§ **WHAT TO WORK ON**
Print, word for word, only the lines from the one with "Southeastern Asia map Stock Photo" down to the last line of the listing below; no pictures.

§ **INFORMATION PROVIDED**

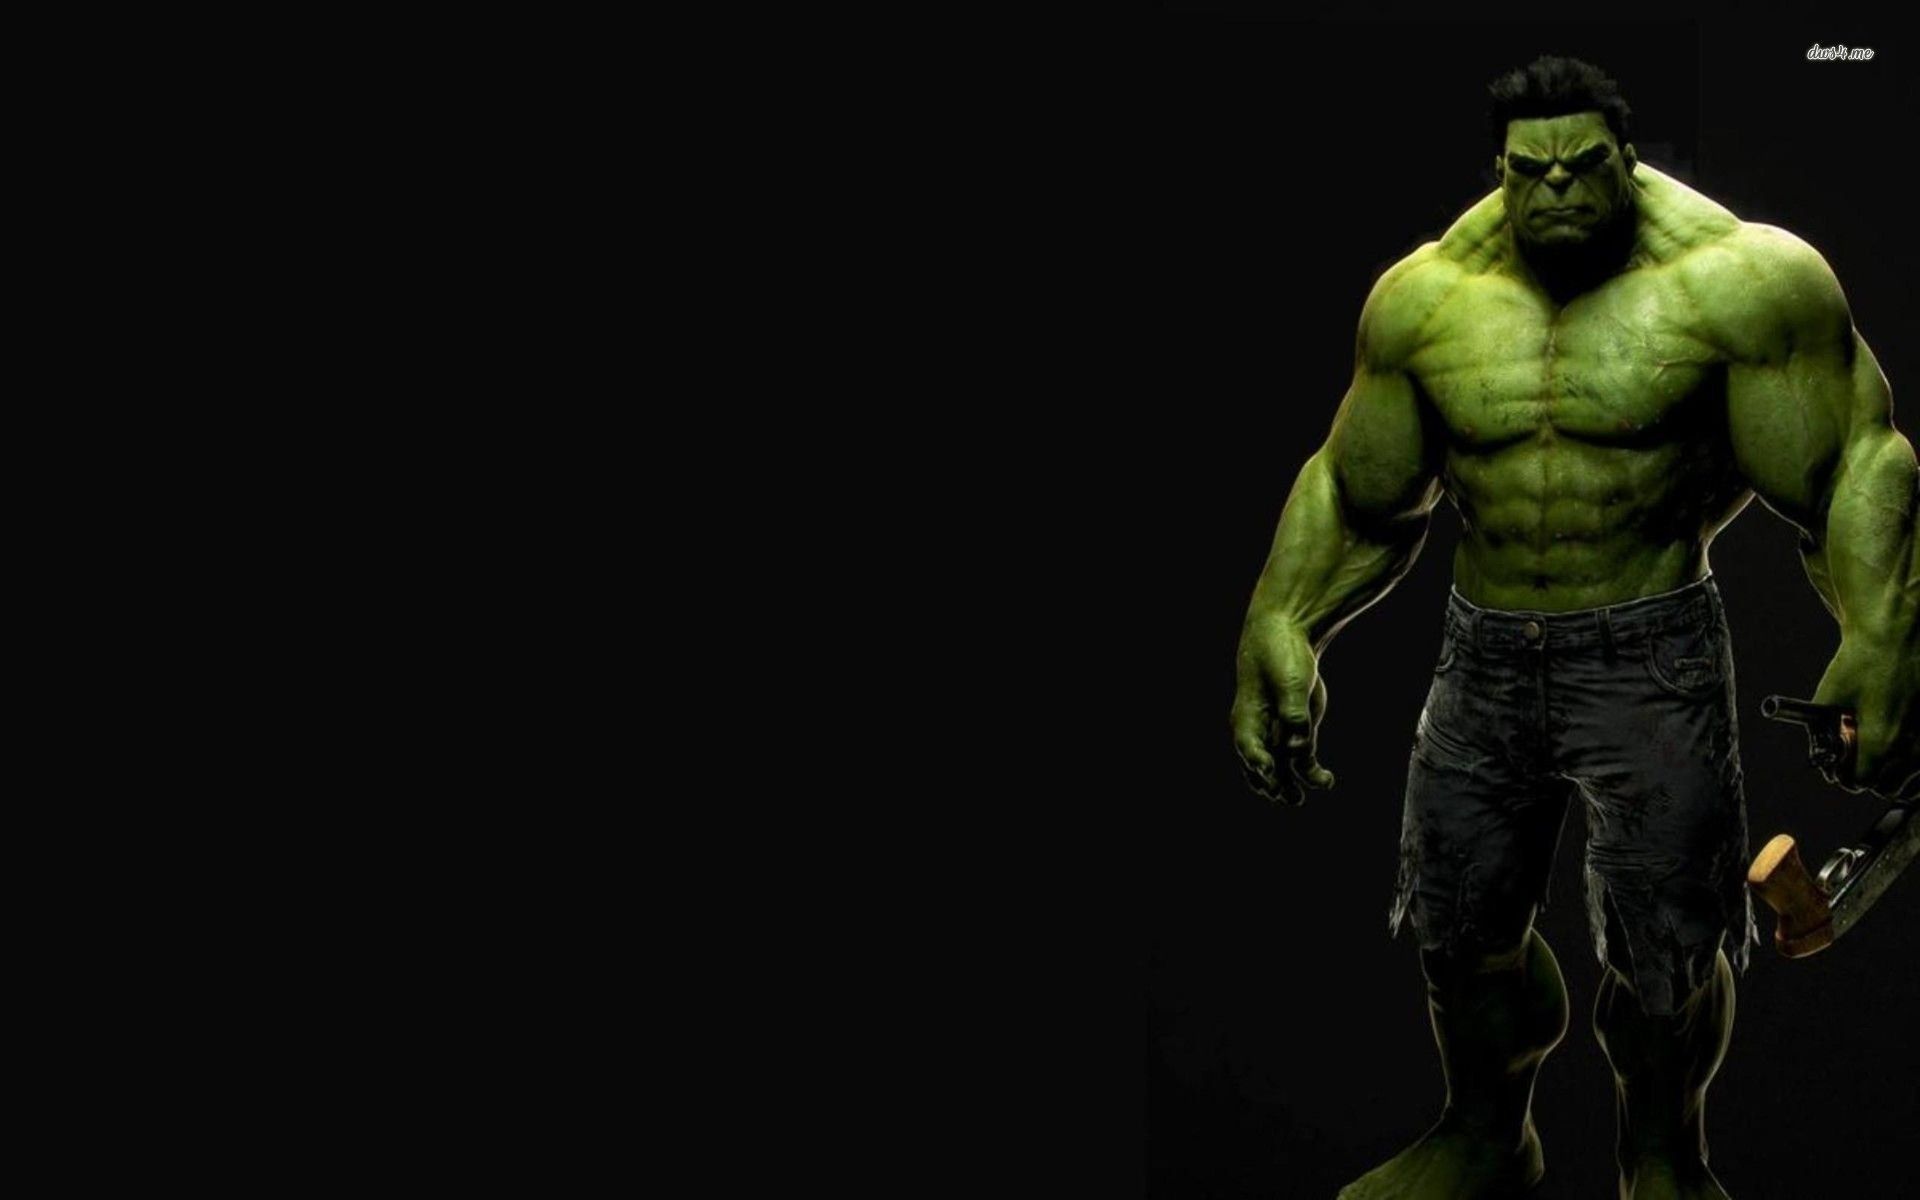 Hulk Desktop Wallpaper. Hulk wallpaper, Superhero wallpaper, The hulk wallpaper
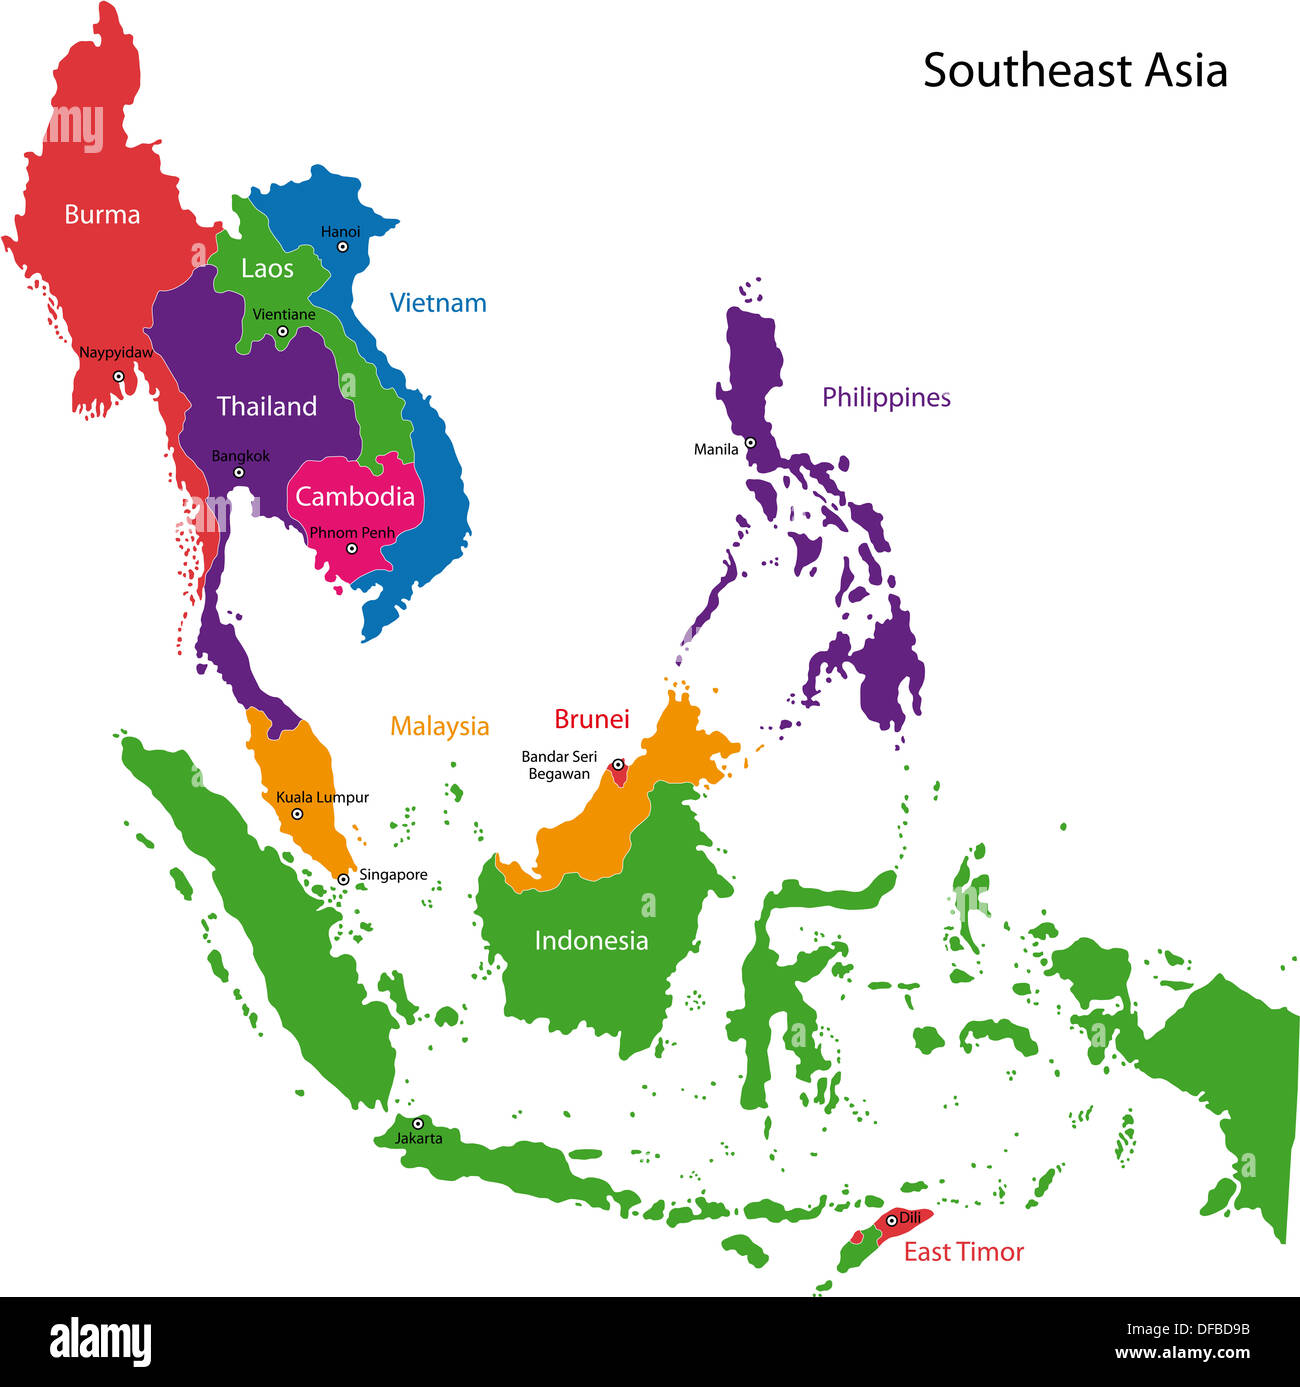 Southeastern Asia map Stock Photo
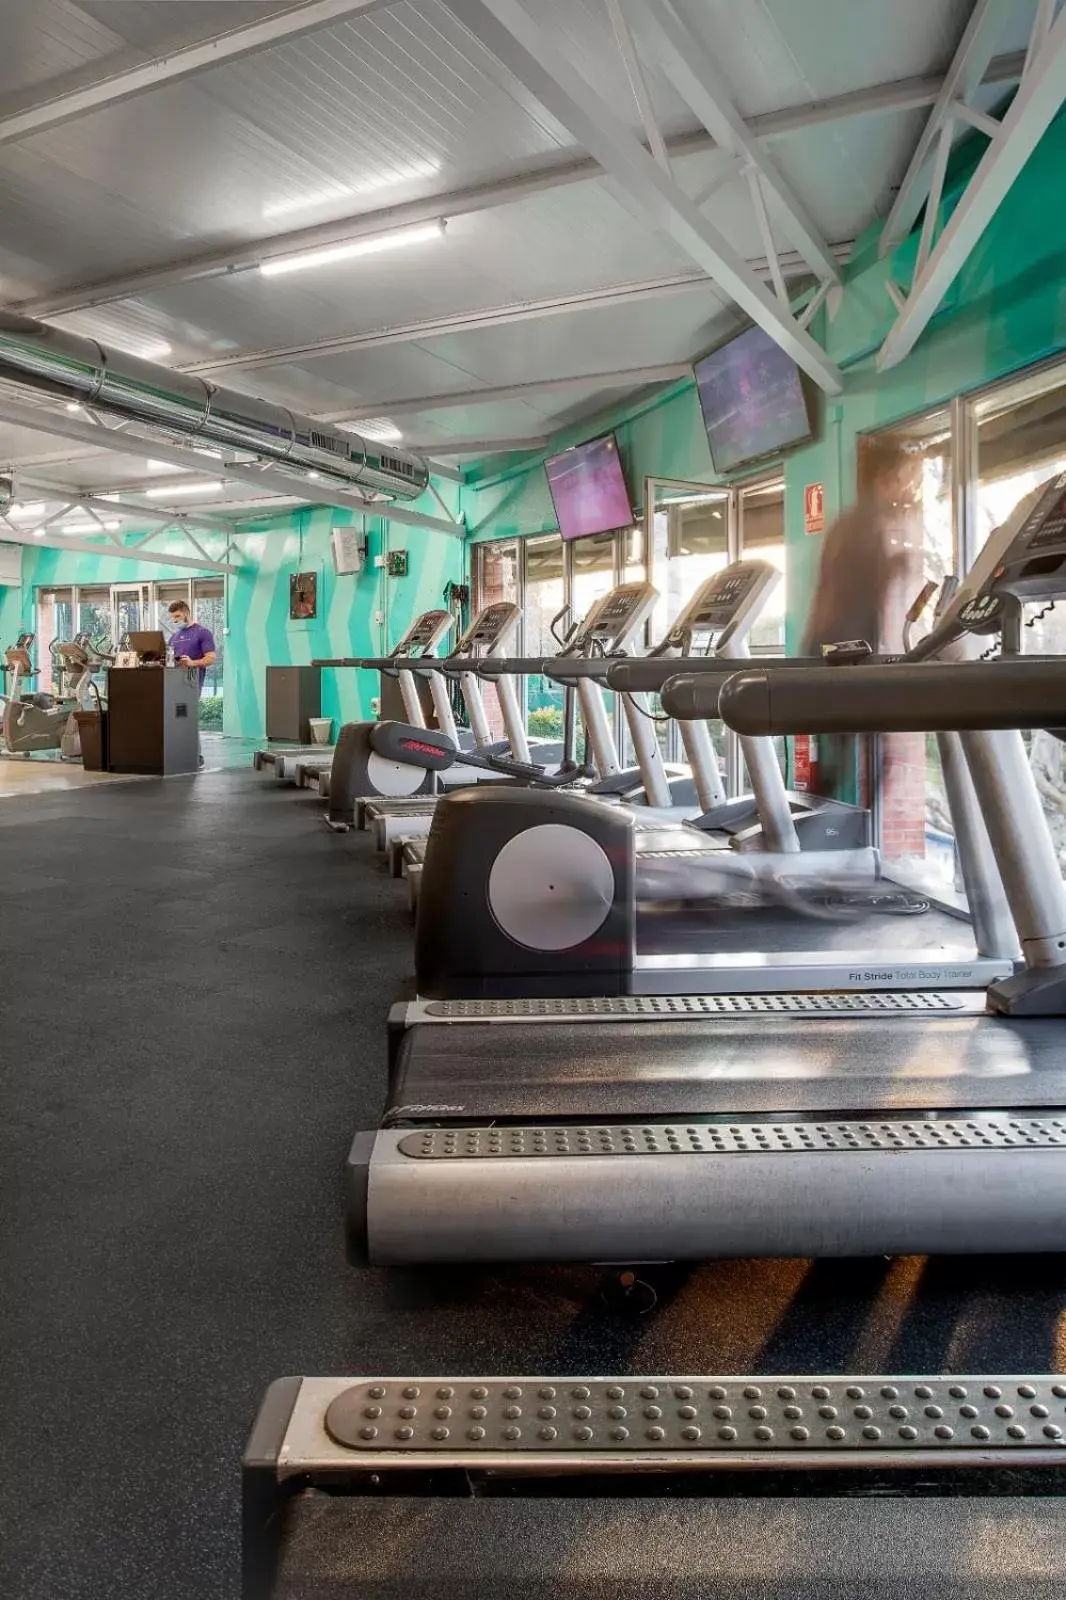 Fitness centre/facilities, Fitness Center/Facilities in Ciutat de Granollers

§ **EXERCISE RESPONSE**
 Southeastern Asia map Stock Photo
 Fitness centre/facilities, Fitness Center/Facilities in Ciutat de Granollers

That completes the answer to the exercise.